Another distinguishing feature of the project is its emphasis on local production. Dr Khumalo envisions a future where African countries manufacture diagnostic reagents and components locally, reducing dependence on imported supplies. The COVID-19 pandemic exposed the vulnerability of global supply chains, with many countries struggling to access essential medical products due to export restrictions, shipping delays and manufacturing bottlenecks. By promoting local manufacturing and regional technology transfer, the project seeks to strengthen what Dr Khumalo describes as diagnostic sovereignty.
“It means everything comes out of African soil. If we can develop and manufacture reagents locally, it changes how we access healthcare. Local production could also lower costs, improve supply reliability and create opportunities for scientific and industrial growth across the continent,” she explains.
The technology is such that tests can be performed by healthcare workers with minimal specialised training
One of the major obstacles facing diagnostic deployment in remote settings is the need for cold-chain storage. Many diagnostic reagents require refrigeration during transport and storage, making them difficult to distribute in areas with limited infrastructure.

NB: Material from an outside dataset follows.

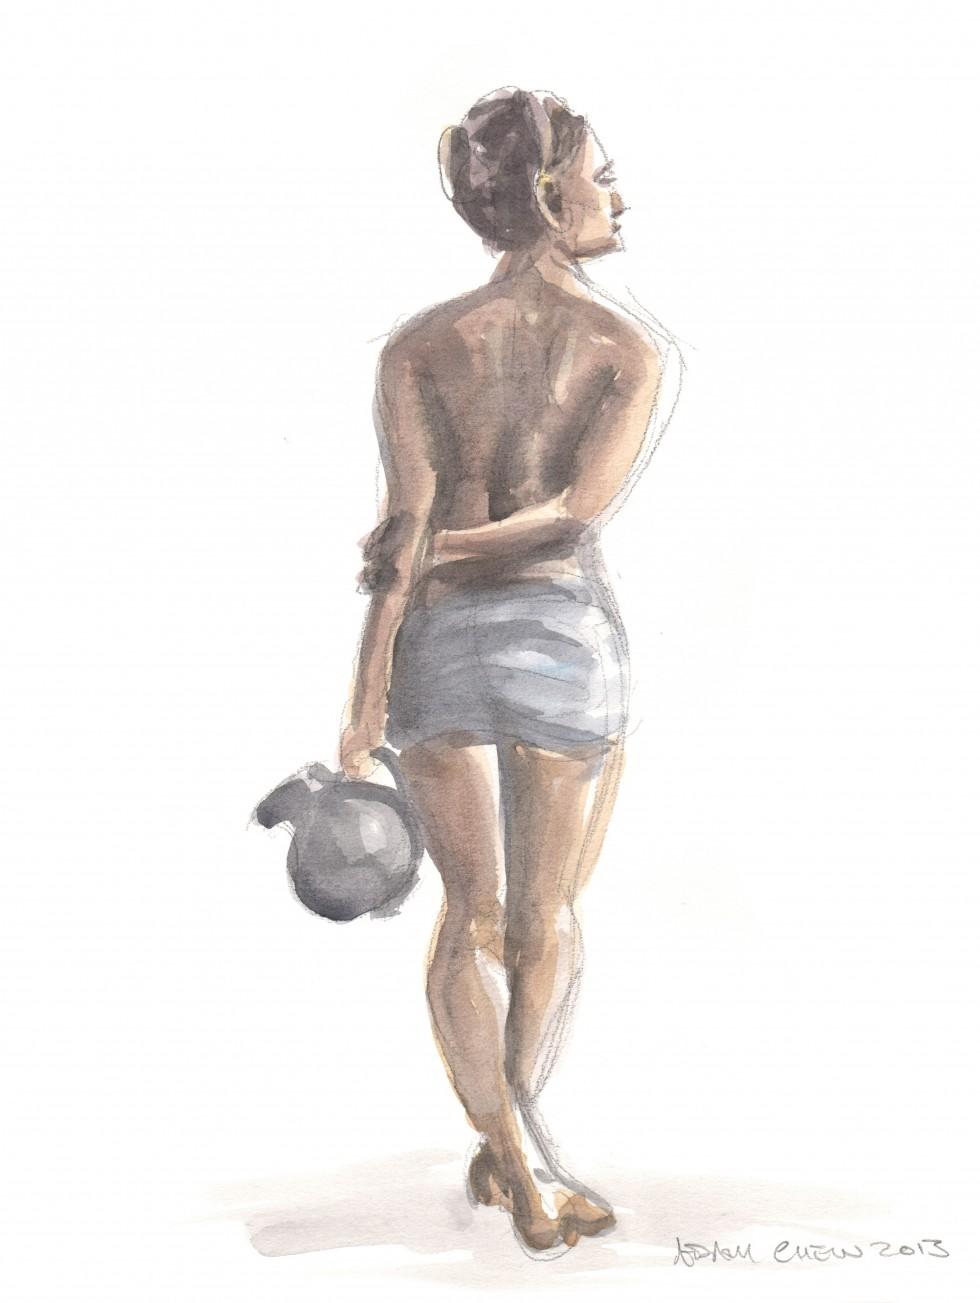 Woman with Vase 3 - Adam Chew, 2013

To overcome this, Dr Khumalo says her team is exploring reagent stabilisation and lyophilisation, commonly known as freeze-drying, which could enable reagents to remain stable at room temperature for extended periods, reducing transportation costs and extending shelf life.

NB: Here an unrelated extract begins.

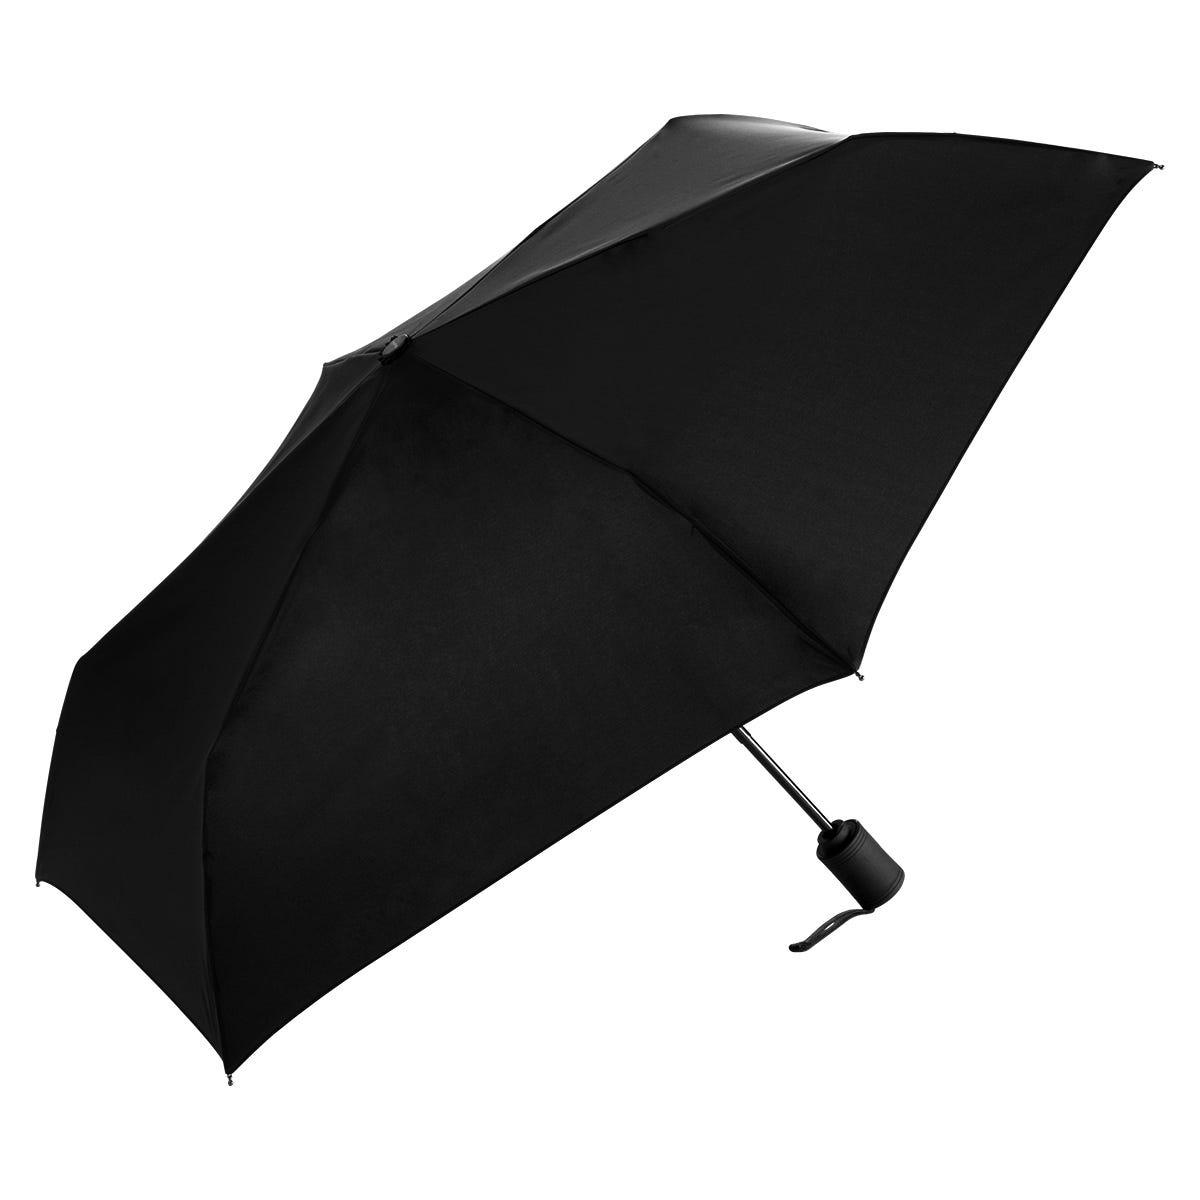 Paraguas automático Shedrain® compacto en negro

The project is also focused on simplifying sample processing and result interpretation so that tests can be performed by healthcare workers with minimal specialised training. The ultimate goal is to create a system as straightforward and user-friendly as a home pregnancy test while retaining the accuracy of molecular diagnostics.
While the project remains in its early stages, significant groundwork has already been laid. Dr Khumalo has established partnerships across multiple departments at the University of Cape Town, bringing together expertise in molecular biology, engineering, enzyme development and diagnostic hardware design. Research teams are working on individual components while fundraising continues to secure resources needed for large-scale development and validation.
For Dr Khumalo, success will be measured by whether the tool reaches women who need it most
Looking ahead, the platform could also contribute to better antimicrobial stewardship by enabling accurate diagnosis before treatment is prescribed, reducing unnecessary antibiotic use and helping address the growing threat of antimicrobial resistance.
For Dr Khumalo, success will not be measured by scientific publications or laboratory breakthroughs alone. It will be measured by whether the tool reaches the women who need it most.
“If this test can be in every clinic, everywhere, that would be success,” she says.
In a continent where millions of women still lack access to timely reproductive healthcare, that vision could represent a transformative step toward more equitable, data-driven and patient-centred care.